Dataset extract =
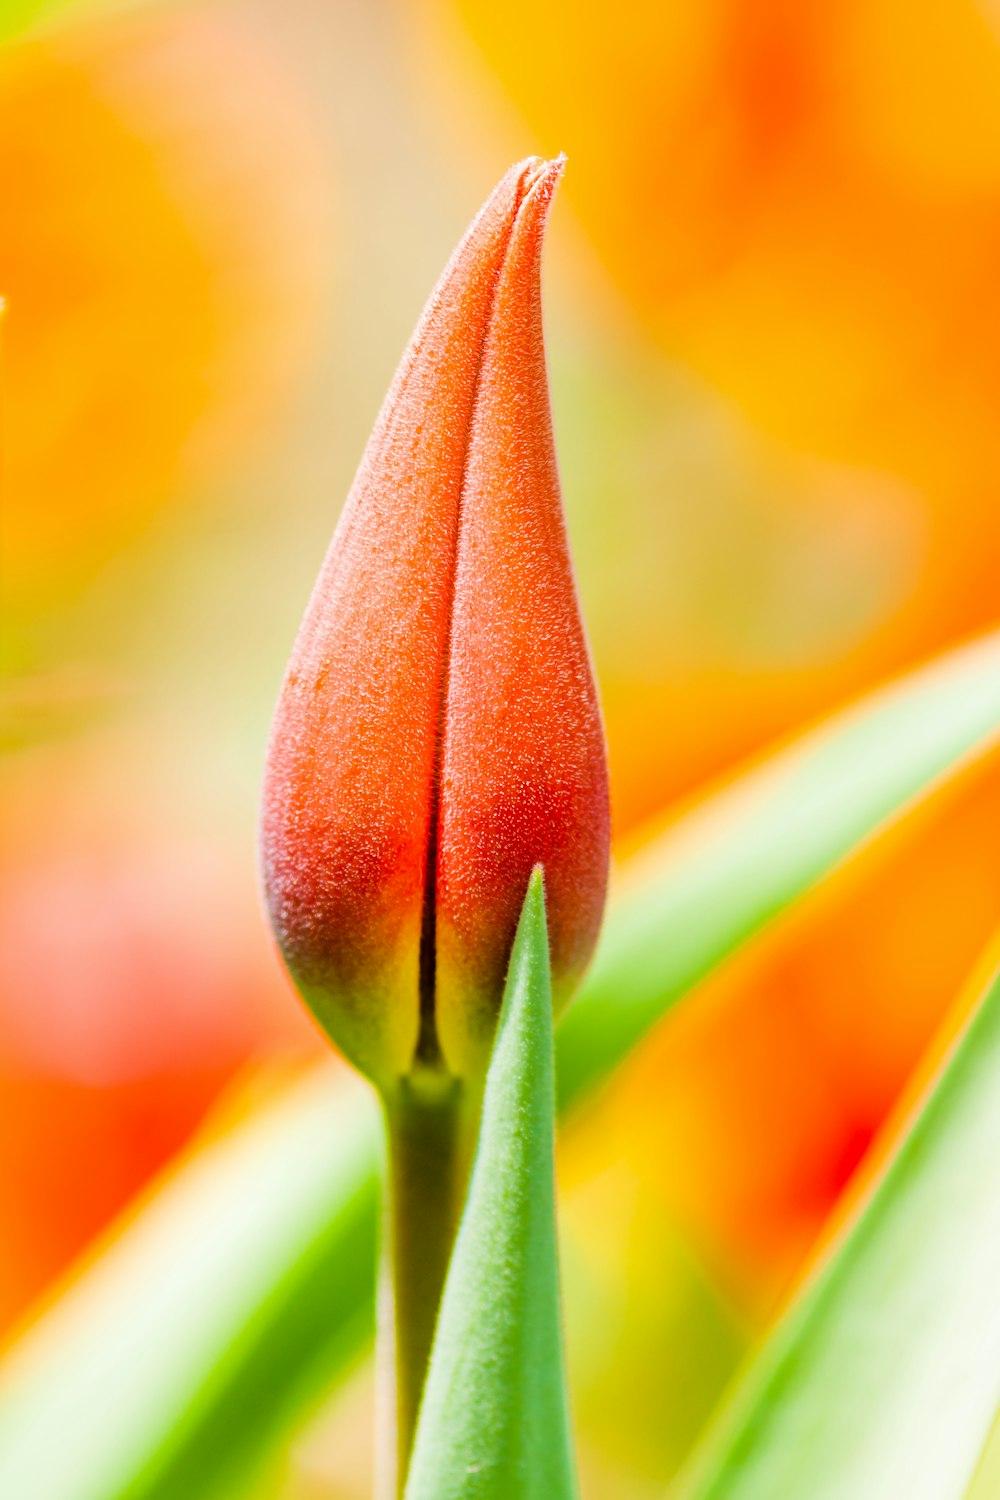 bourgeon de tulipe orange
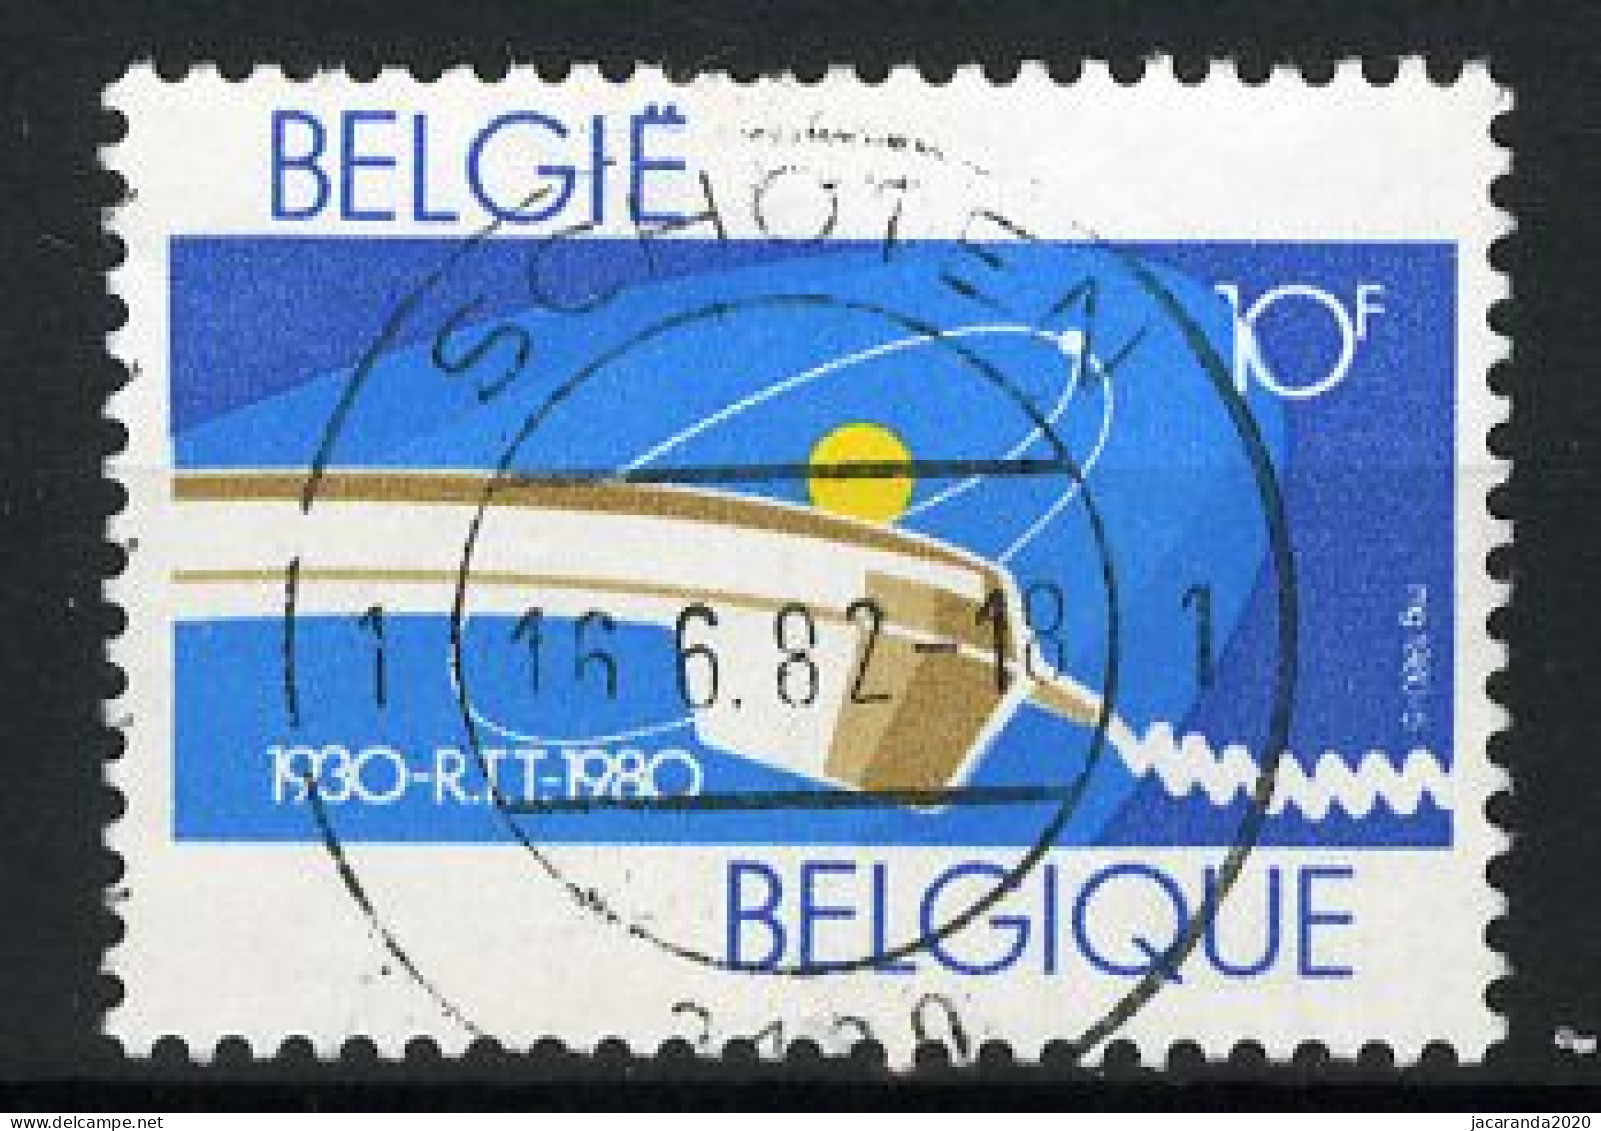 België 1969 - 50 Jaar R.T.T. - Gestempeld - Oblitéré -used - Usati
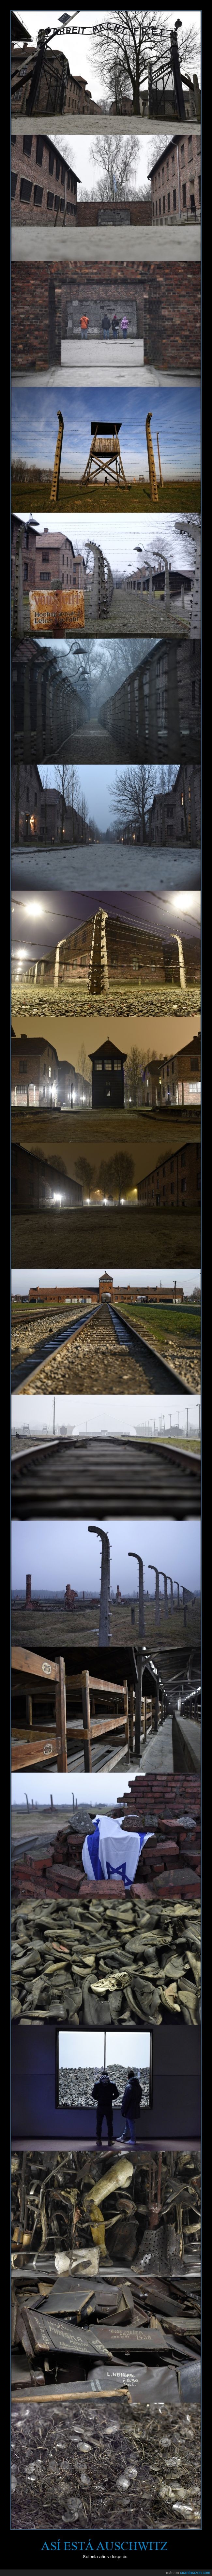 Auschwitz,setenta,años,después,gafas,restos,zapatos,maletas,holocausto,nazismo,nazi,la tardis?
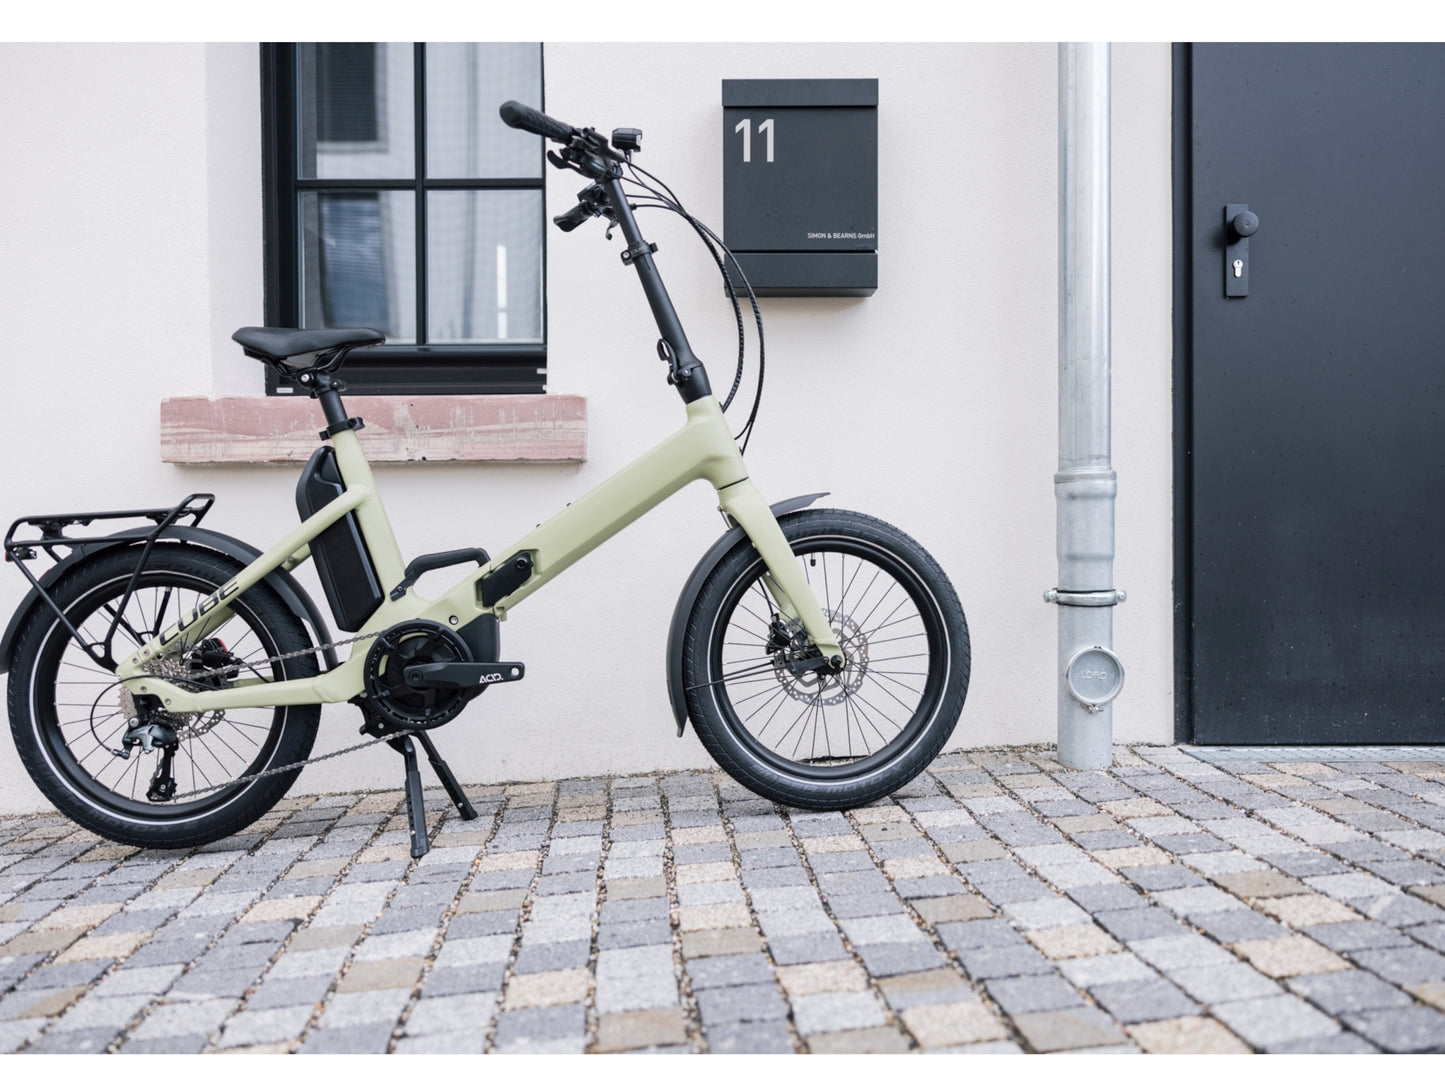 Cube Fold Sport Hybrid 500 electric bike green n black side profile business suite door in background

Task to carry out = Leave the pictures out and restate the listing word for word.

Exercise result =
 bourgeon de tulipe orange
 België 1969 - 50 Jaar R.T.T. - Gestempeld - Oblitéré -used - Usati
 Auschwitz,setenta,años,después,gafas,restos,zapatos,maletas,holocausto,nazismo,nazi,la tardis?
 Cube Fold Sport Hybrid 500 electric bike green n black side profile business suite door in background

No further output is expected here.